Which enterprises are already running Gemini 3.5 Flash in production?

Leading enterprises including Shopify, Macquarie Bank, Salesforce, Ramp, Xero, and Databricks are early adopters. They are using Flash for complex, long-running agentic tasks, such as Shopify refining growth forecasts, Macquarie Bank performing compliance checks on large documents, and Databricks monitoring and fixing data pipelines.

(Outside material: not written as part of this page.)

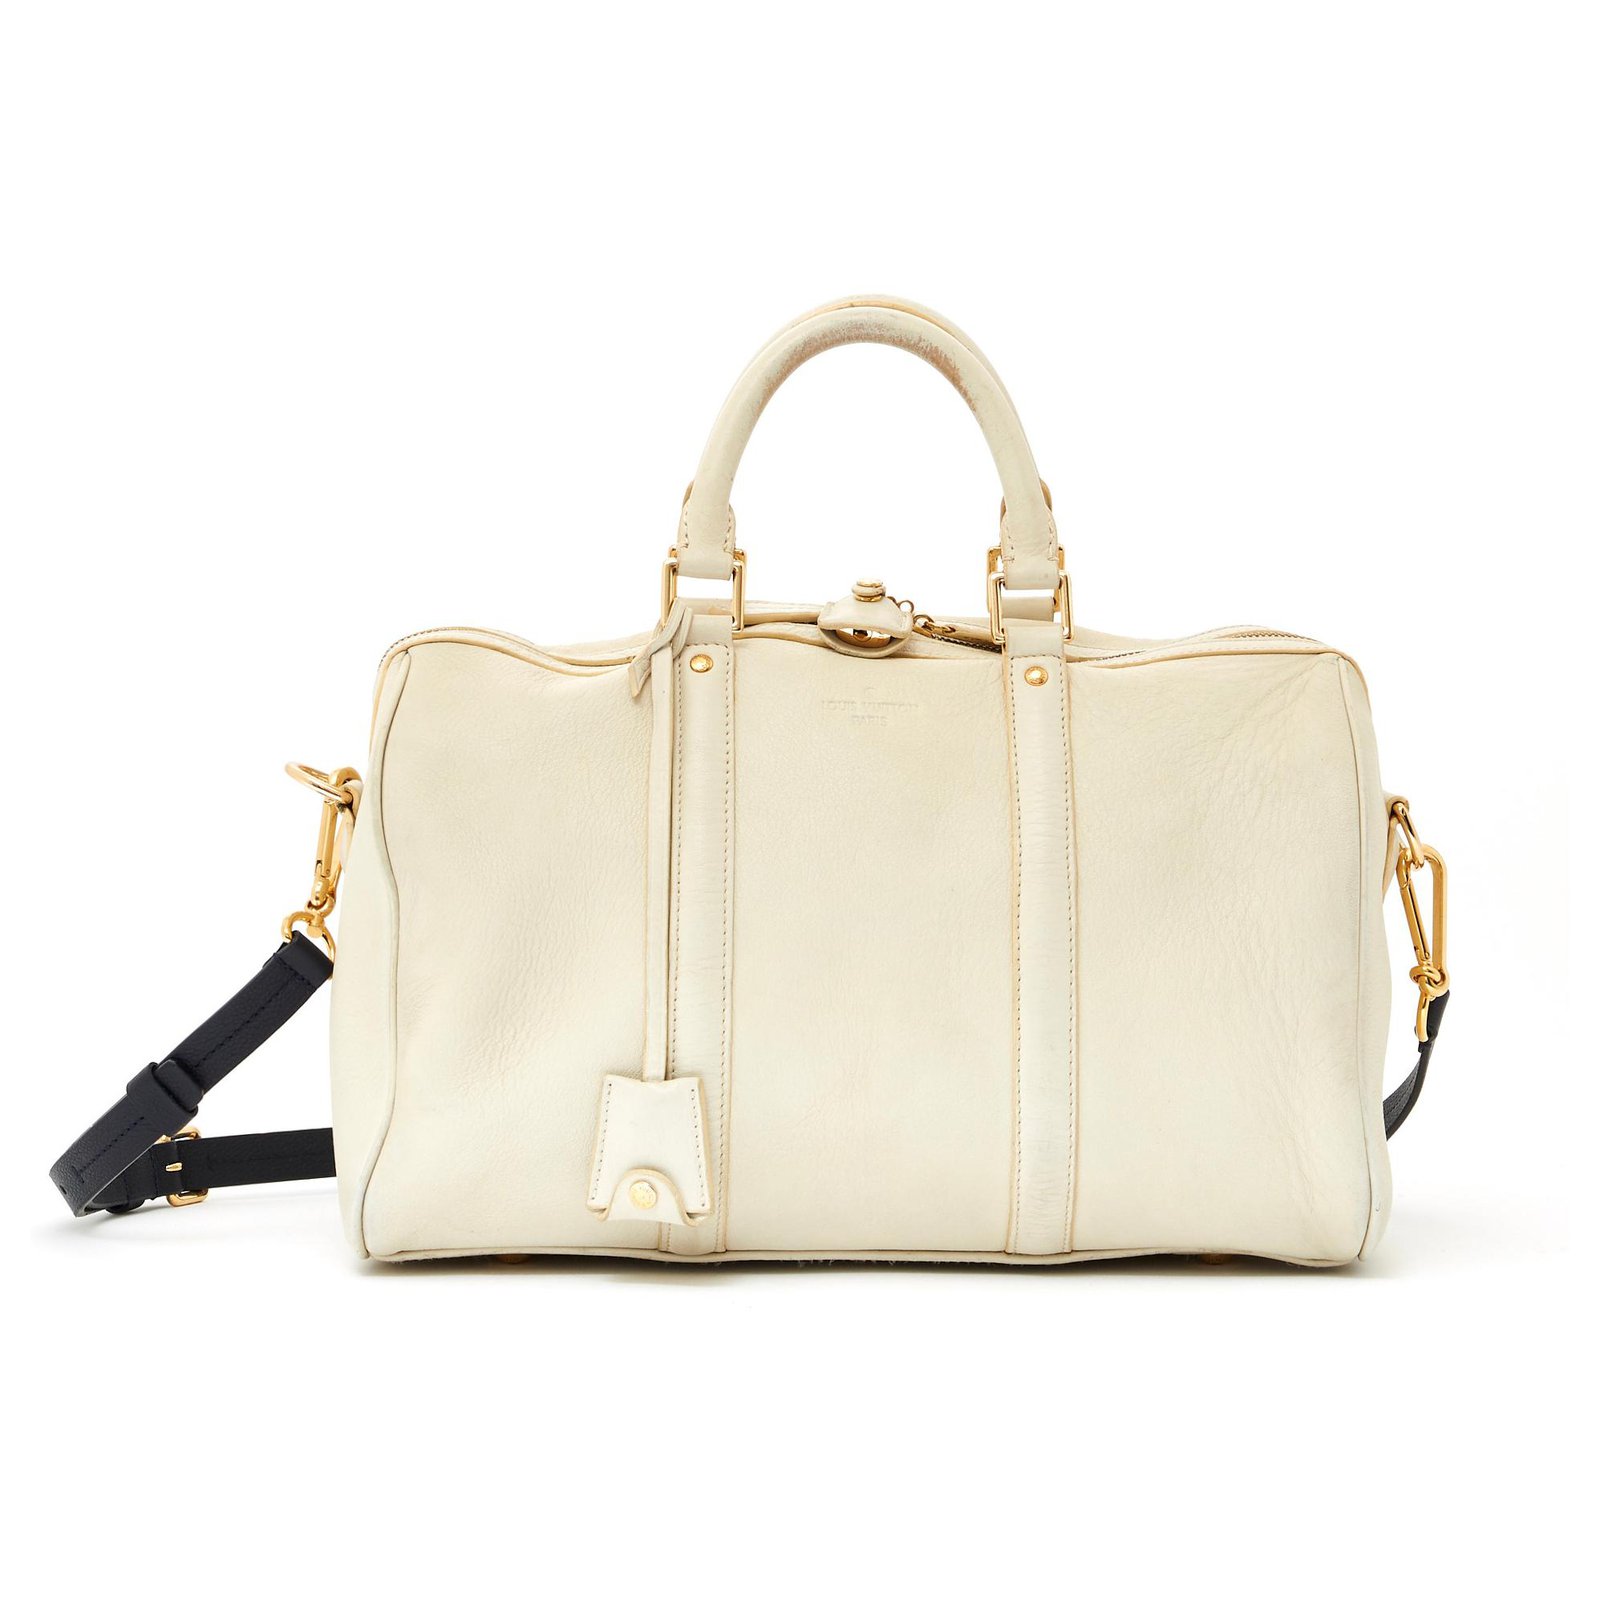 Louis Vuitton SPEEDY STRAP 35 Sofia Coppola Handbags Leather,Metal Golden,Cream,Navy blue ref ...

How do the new benchmarks Terminal-Bench 2.1 and MCP Atlas work?

These benchmarks evaluate an AI model's ability to act as an "agent" that completes a job, not just answer a question. Terminal-Bench 2.1 assesses performance in realistic command-line environments on tasks like DevOps and debugging. MCP Atlas tests the model's skill in using multiple tools (like APIs and databases) over hundreds of steps to achieve a goal.

What are the exact cost and speed claims versus competitors?

Google claims Gemini 3.5 Flash is approximately four times faster and priced at less than half of comparable frontier models from competitors like OpenAI and Anthropic. While independent verification is ongoing, initial benchmark data suggests its performance is within a few percentage points of top-tier models on agentic tasks, but at a significantly lower price point.

When will Gemini 3.5 Pro ship and how will it differ?

Gemini 3.5 Pro is scheduled to launch in June 2026 as a more powerful counterpart to Flash. While Flash is optimized for speed, the Pro version will focus on enhanced reasoning depth and capability for more complex tasks. It is expected to surpass the already strong performance metrics set by the Flash model.